Los Pesos Fuertes del Banco de Barcelona                   
Rafael López y Guillén

       
Castellón 1.912
Capítulo Diecisieteavo 



          Estaba sentado directamente en la tierra, bajo un naranjo contra el que apoyaba la espalda, a cubierto del sol. Miraba fijamente al árbol que había enfrente, al otro lado del camino, en otro huerto. Era un níspero con su fruto anaranjado lleno a rebosar. Le atraía. En cuanto se pusiera de pie iba a atacarlo un poco, unos cuantos solamente, que seguro que serían propiedad de algún primo lejano o de cualquier vecino. Él ya no conocía ni los campos, ni sus propietarios.
         Se giró sin levantarse para mirar sobre su hombro, a esa misma fila de naranjos, por donde estaba llegando ya el agua. Lo había hecho bien. Había levantado las pesadas almenaras, las compuertas para ir dirigiendo al agua hacia las filas de naranjos de su familia. Y, sobre todo, hecho bien al cerrar la última compuerta para no regar al vecino. Eso su padre se lo había enseñado el primer día que fue al campo. El riego por este viejo canal árabe se hace por inundación de agua. Hay que tener cuidado con tus tierras y con las de los cercanos.
         Ya hacía unos cuantos días que estaba en el pueblo. Había dejado su pacificadora junto al resto de armas, cerrado con piedras y barro el boquete en la pared. No había parado limpiando y tirando cosas viejas. En cualquier momento le interesaría desaparecer del mundo y, que mejor sitio que allí, donde nadie sabía su ubicación, presuponía que sería muy pronto.
         Al moverse un poco, notó la hoja escrita que tenía del itinerario de la infanta y se acordó del viejo comisario.
         Cuando llegó a la cantina del ferrocarril de Barcelona a Sarriá lo vio de lejos. Estaba sentado en una mesa afuera, en la puerta de la cafetería Zúrich y eran las doce en punto, hora del ángelus. Le esperaba no sabía desde cuándo. 
         Se acercó a la cafetería y entró por una puerta que estaba al lado izquierdo según iba de camino. Pidió al camarero un café y salió detrás justo del comisario.
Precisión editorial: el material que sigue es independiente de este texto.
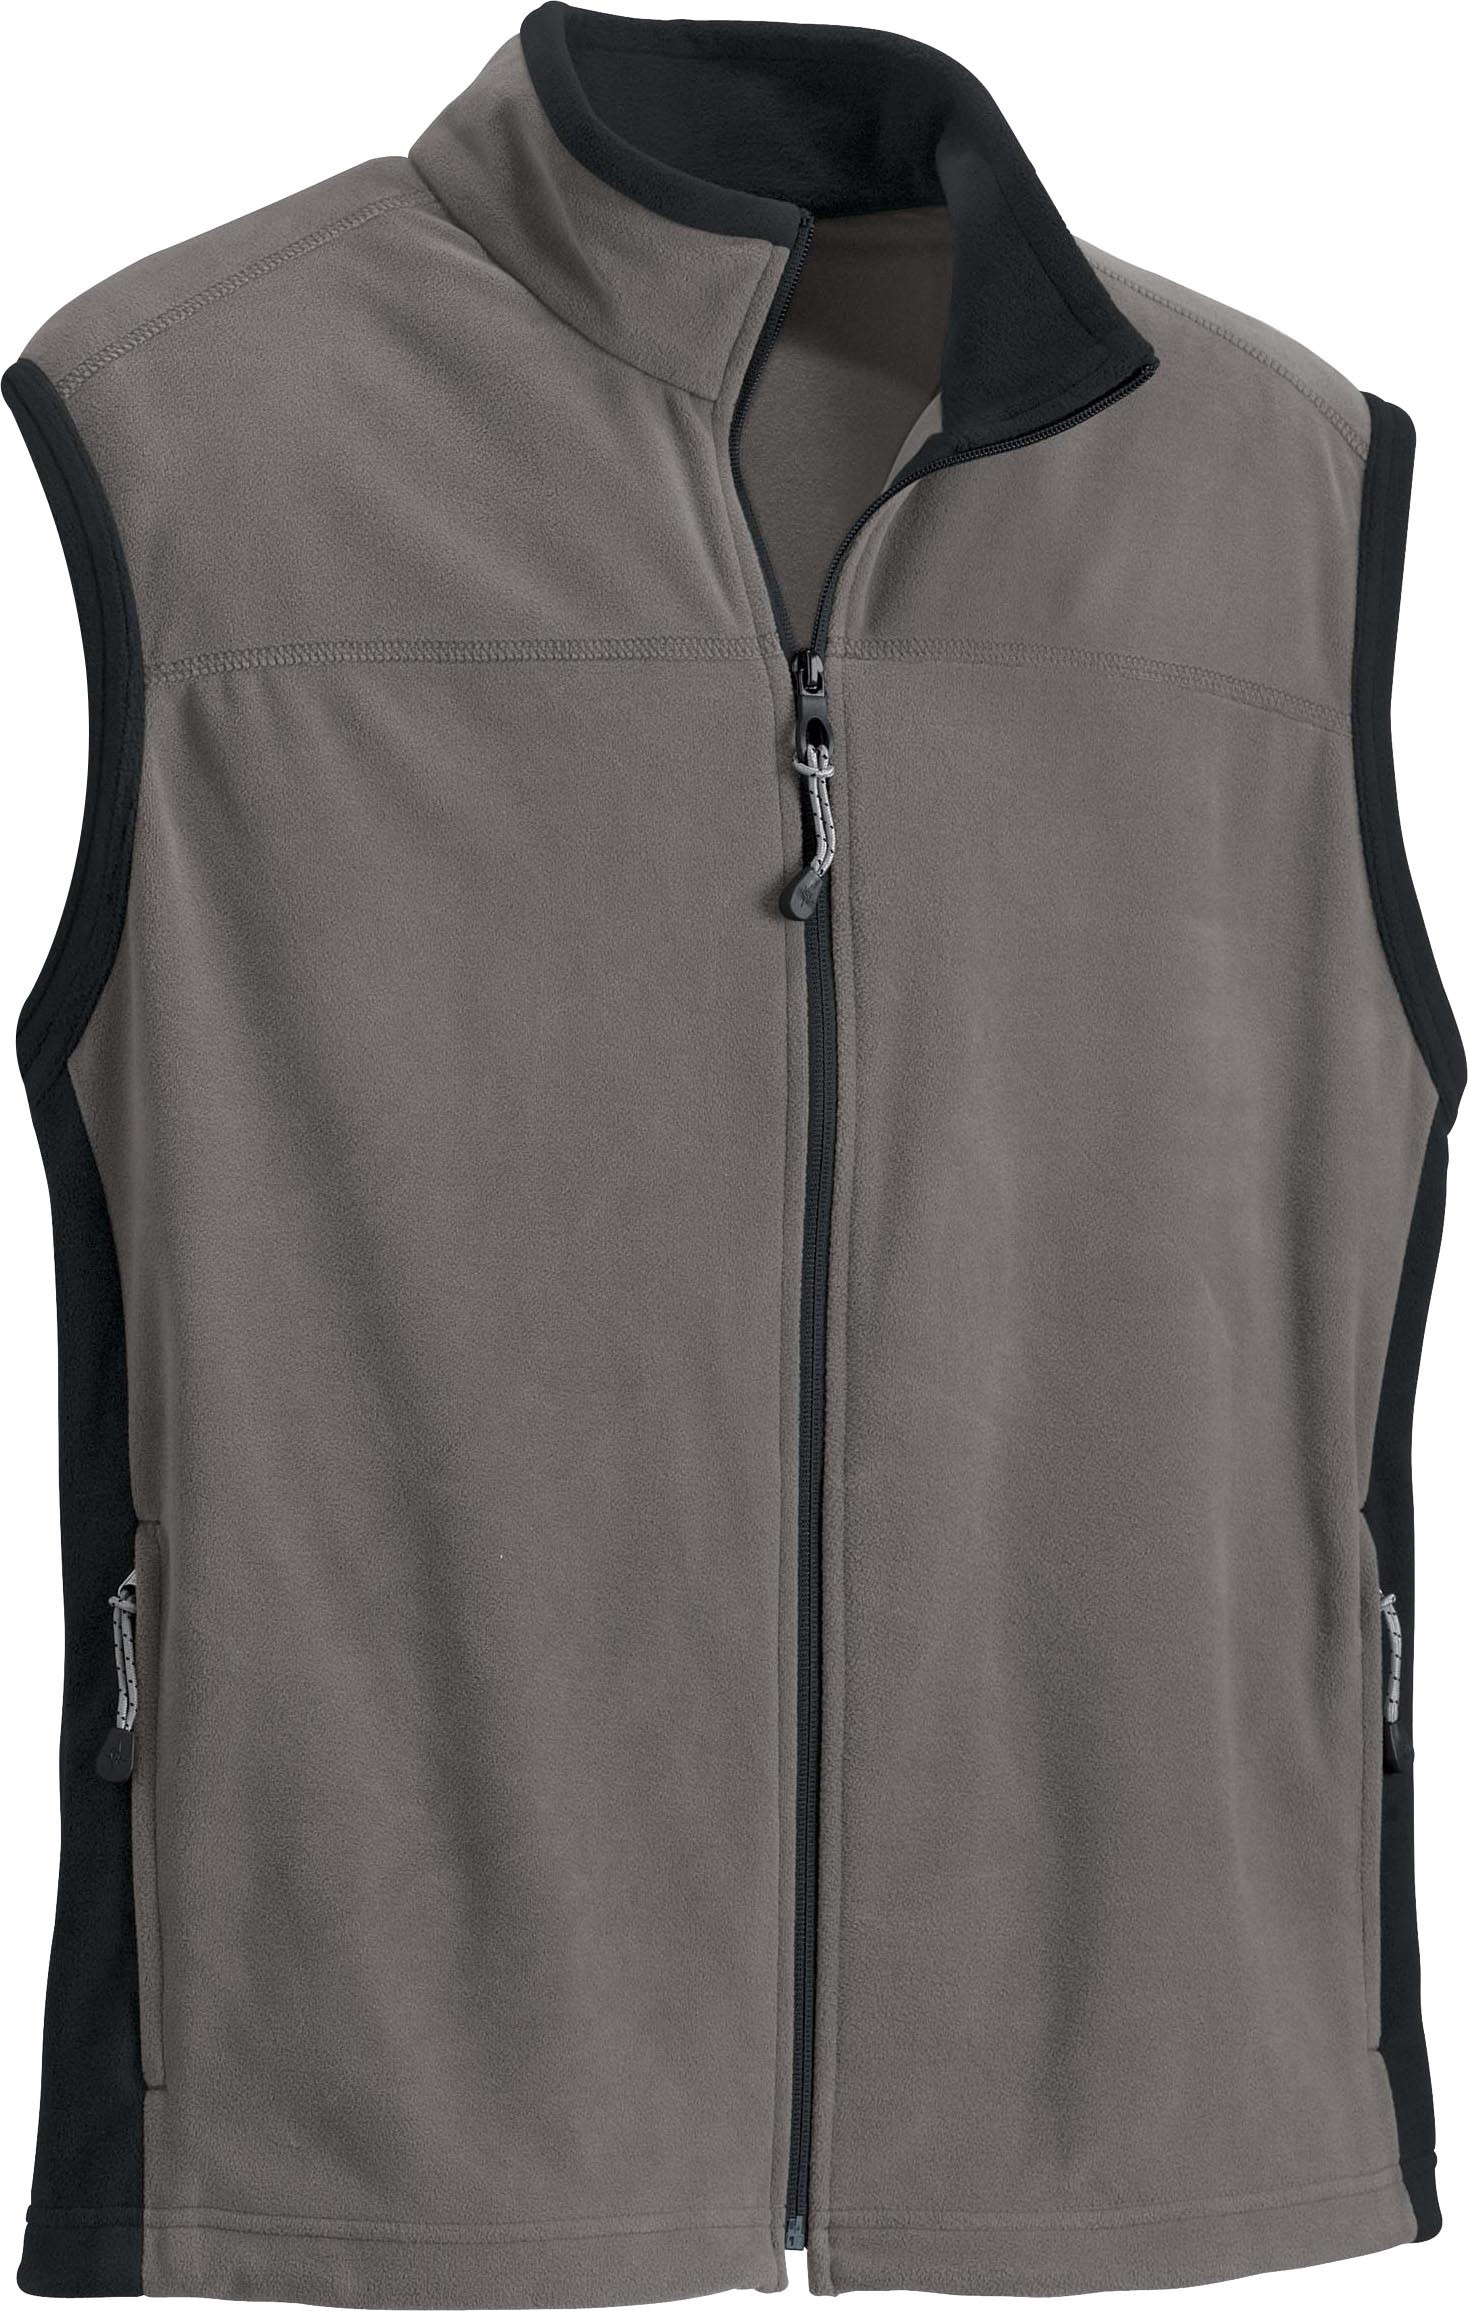 ash city vests 88114 - men"s microfleece vest

Le hizo broma y le apuntó con su bastón hasta tocarlo por la espalda.
         - ¡Su vida se ha acabado! - le amenazó tras él.
         - Juan, déjate de tonterías y siéntate que te he visto entrar. Ponte aquí a mi derecha, que la vista y el oído izquierdo no me funcionan igual - señaló un asiento que había a su lado en la mesa.
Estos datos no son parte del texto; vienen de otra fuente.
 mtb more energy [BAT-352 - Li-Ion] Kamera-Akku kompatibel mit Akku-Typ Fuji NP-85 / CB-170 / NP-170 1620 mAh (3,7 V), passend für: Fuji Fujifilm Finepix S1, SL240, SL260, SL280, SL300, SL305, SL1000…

         Sonrió por la avispada alerta que aún conservaba el hombre, que ya debía de superar los setenta. Se sentó.
         - Desde que me dijeron que volvías, te estoy esperando - pues hace ya casi un mes del aviso que envié, pensó Juan.
         - Ya que has venido, toma - le tendió una hoja. - La Infanta Isabel de Borbón y Borbón va a realizar una visita en julio por tus tierras valencianas. Nos gustaría que la miraras y nos advirtieras, si atentarán los anarquistas, ¿donde crees que lo harían? Pues fortaleceríamos más esos lugares. Tu eres nuestro experto. ¿Te acuerdas cuando te dije que tenias madera, aquel fatídico y especial San Juan?
         - Por supuesto - respondió Juan. - Me acuerdo palabra por palabra. Cuando echó a mis amigos y nos quedamos solos, empezó diciendo que eso que me había castigado a un destierro era mi coartada, que veía en mí un estupendo hallazgo, innato, y que tenía madera de espía y les hacía falta mi perfil.
         - ¿Tienes suficiente dinero? ¿Te has podido hacer una buena hucha? - a Juan le extrañó la pregunta.
         - Sí, con sueldo oficial de periodista y con un sobresueldo extra grande he podido hacerme "una hucha" - le respondió con su misma palabra, aunque no dijo dónde lo tenía invertido y guardado.
         - La verdad era esa: nuestro embajador francés nos pedía alguien que se pudiera infiltrar en los círculos clandestinos de algunos bares parisinos. Habían advertido un incremento grande de españoles sospechosos. Y tú además de ser joven e intrépido, sabías idiomas y no tenías familia. Ya te dije, el perfil ideal. ¿Cómo te fue al llegar? ¿Fue casualidad lo de evitar el atentado de Alfonso XIII?
         En ese momento, llegó el camarero con su mandil y le dejó su café. El ex-comisario le dio unas monedas y le dijo que se guardara la vuelta.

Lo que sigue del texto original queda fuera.